Ao conjugar contrastes, a intimidade dessa singularidade e incoerência táteis constrói um

desconforto ao passo que um refúgio contingente. Pode-se não falar do belo estético, mas sim de

um terreno que convoca contextos: Rosana une, nesse trabalho, o chumbo à madeira

sobrevivente oriunda do mangue, o sururu da praia que rememora a maresia e seu cabelo

autorreferente. Em a ilha, os opostos não existem como no contraste de materiais que o artista

Nuno Ramos tanto endossa em sua obra. Em Rosana a união é das distâncias que o espaço e o

tempo dissolvem e que ressurgem numa efusão afetiva com o lugar.

Perceber a imagem mais nítida do afeto passível de entrega que oferece Rosana Paste é,

verdadeiramente, o caminhar em cartografias na espessura do sensível.

Renan Andrade

1 ANJOS, Moacir dos. Crítica, Moacir dos Anjos / [coordenação da série e apresentação Luiza Mello &

Marisa Mello] - Rio de Janeiro: Automatica, 2010, p. 20.
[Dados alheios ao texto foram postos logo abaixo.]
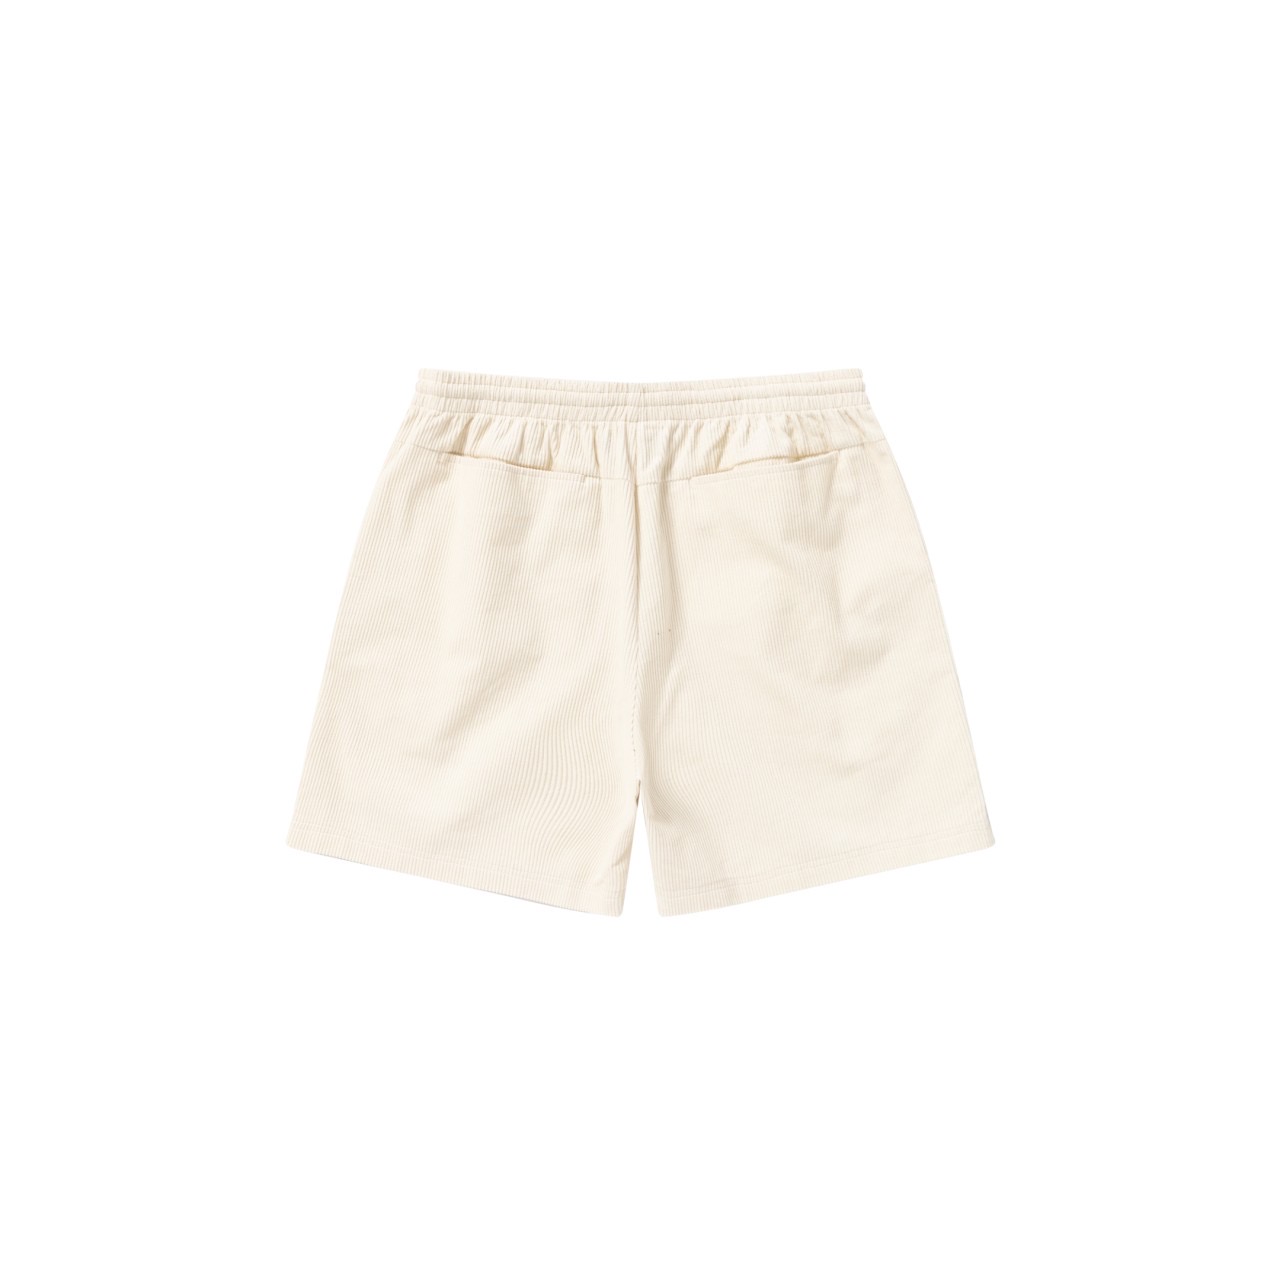 BLACK EYE PATCH (OE LOGO EMBROIDERED CORDUROY SHORTS) OFF WHITE - FAMLEST

2 DOMINGO com Frederico Morais, Um. Direção: Guilherme Coelho. Matizar Produções Artísticas. Rio

de Janeiro - RJ, 2011. 60 min. Son, Color, Formato: DVD.

3 BONDÍA, Jorge Larrosa. Notas sobre a experiência e o saber de experiência. Tradução de João

Wanderley Geraldi. Revista Brasileira de Educação, n.º 19. Rio de Janeiro: Anped, 2002, p. 21.